Wawasan Pendidikan; Munculnya kerajaan Islam di Indonesia diperkirakan karena berkembangnya lalu lintas perdagangan laut dengan pedagang-pedagang Islam dari Arab, Persia, India, Cina, dll.  Kerajaan Islam di Indonesia diperkirakan mengalami masa kejayaan pada sekitar abad ke 13-16 M.  Kerajaan Islam di Indonesia dibagi berdasarkan wilayah pusat pemerintahan, yaitu di Sumatera, Jawa, Maluku, dan Sulawesi. Pada artikel sebelumnya telah dibahas tentang Kerajaan Samudera Pasai, Kerajaan Malaka, dan Kerajaan Aceh Darussalam. kali ini sobat pendidikan akan membahas beberapa kerajaan islam lainnya antara lain: Kerajaan Demak, Kerajaan Banten, dan Kerajaan Mataram Islam



1.  Kerajaan Demak
Kerajaan Demak merupakan kerajaan Islam pertama di Jawa yang berdiri pada tahun 1478 M.  Hal ini didasarkan pada runtuhnya Kerajaan Majapahit yang ditandai dengan Candra Sengkala:  “Sirna Ilang Kertaning Bumi” yang menandakan tahun saka 1400 atau 1478 Masehi.  Kerajaan Demak didirikan oleg Raden Patah yang dalam memajukan Islam dibantu para wali dan saudagar Islam.

Pada tahun 1507 Masehi Raden Patah digantikan oleh puteranya yang bernama Pati Unus.  Di bawah kepemimpinannya, Kerajaan Demak kurang berkembang dengan baik.  Namun berkat keberaniannya dalam menyerang Portugis di Malaka, Pati Unus mendapat julukan sebagai Pangeran Sabrang Lor.

Setelah wafat di tahun 1521, Pati Unus digantikan oleh adiknya yang bernama Trenggono.  Puncak kejayaan Demak terjadi pada masa pemerintahan Sultan Trenggono dengan wilayah kekuasaan yang sangat luas.  Meliputi Jawa Barat (Banten, Jayakarta, dan Cirebon), Jawa Tengah, dan sebagian Jawa Timur.

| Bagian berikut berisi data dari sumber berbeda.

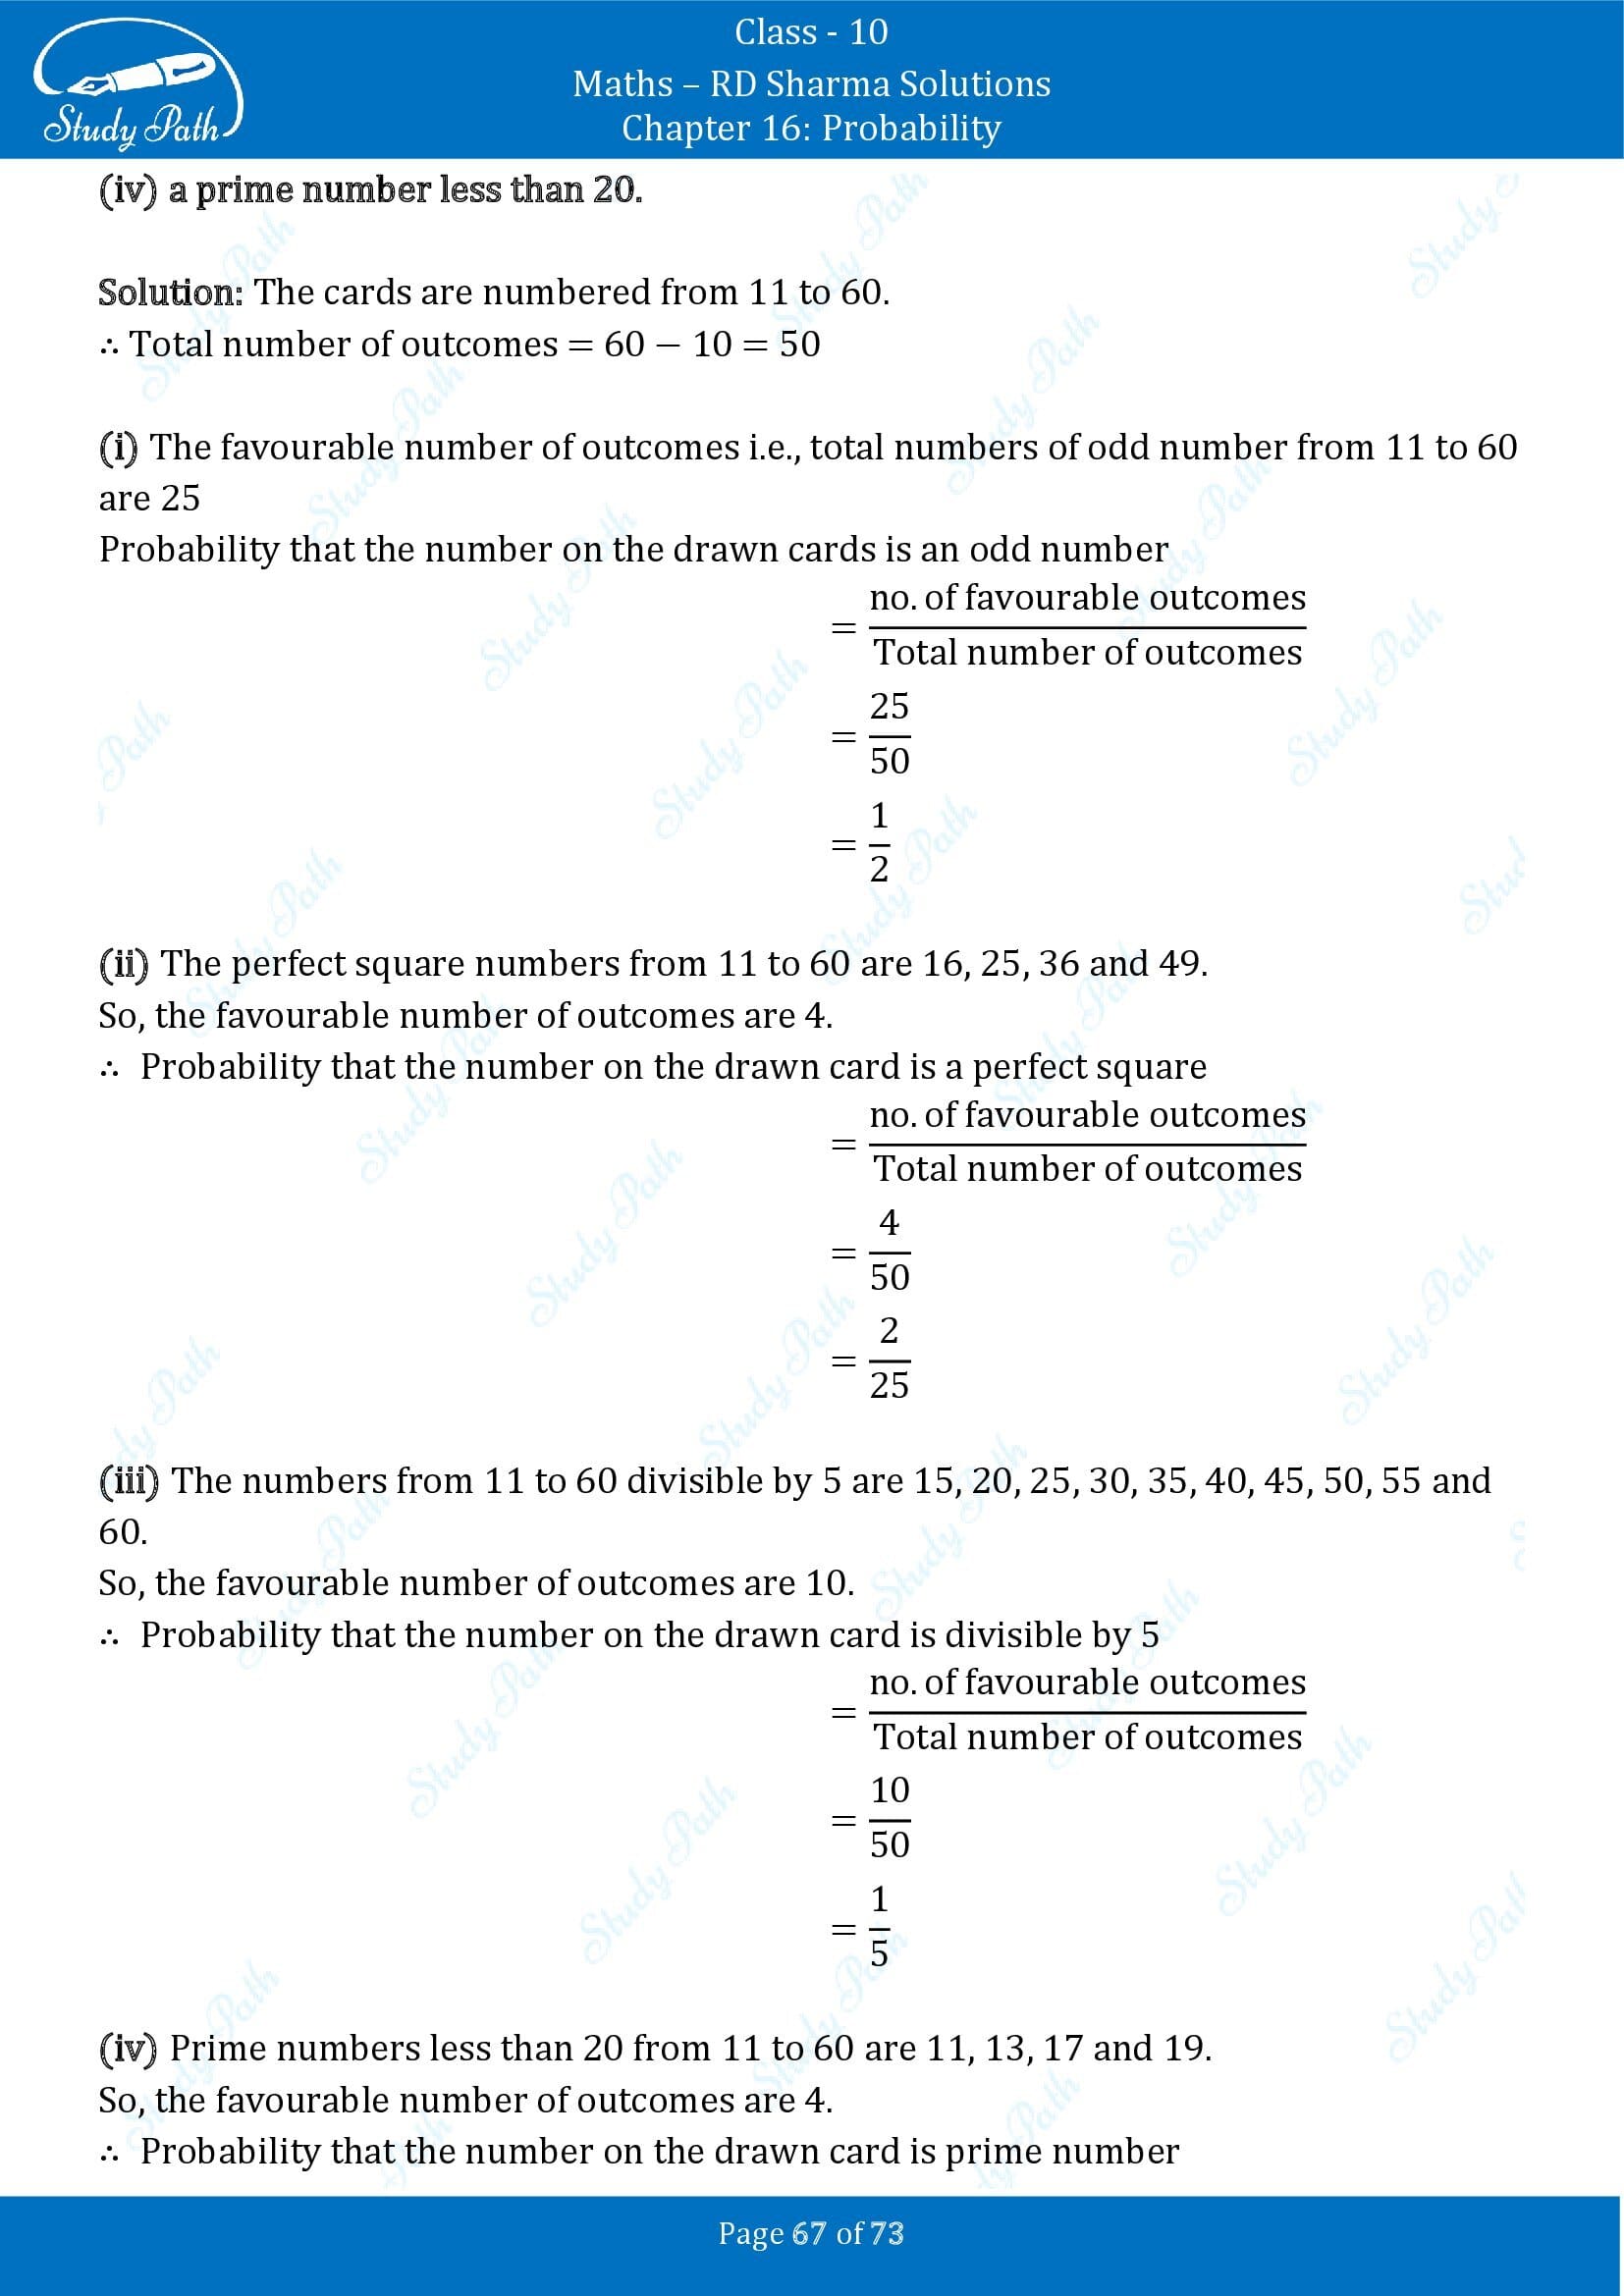 RD Sharma Solutions Class 10 Chapter 16 Probability Exercise 16.1 00067

Kebijakan-kebijakan penting yang telah dilakukan oleh Sultan Trenggono antara lain adalah:
  • Menegakkan Agama Islam
  • Membendung perluasan wilayah yang dilakukan Portugis
  • Menguasai dan menyebarkan Agama Islam di Banten, Cirebon, dan Sunda Kelapa, dimana perluasan di wilayah Jawa Barat dipimpin oleh Fatahilah/Faletehan yang kemudian menurunkan raja-raja Banten.
  • Menaklukkan Mataram, Singasari, dan Blambangan

Demak dikenal sebagai kerajaan maritim yang menjalankan fungsinya sebagai penghubung daerah penghasil rempah-rempah di wilayah timur dengan Malaka sebagai wilayah perdagangan di bagian barat.  Sebagai produsen besar dalam bidang agraris, perekonomian Demak mengalami perkembangan yang sangat pesat.

Kehidupan sosial di Kerajaan Demak diatur sesuai dengan Hukum Islam, namun begitu masih tetap menerima tradisi lama.  Pembangunan Masjid Agung Demak terkenal dengan salah satu tiang utamanya yang terbuat dari soko tatal, yaitu kumpulan sisa-sisa kayu yang dipakai untuk membangun masjid itu sendiri.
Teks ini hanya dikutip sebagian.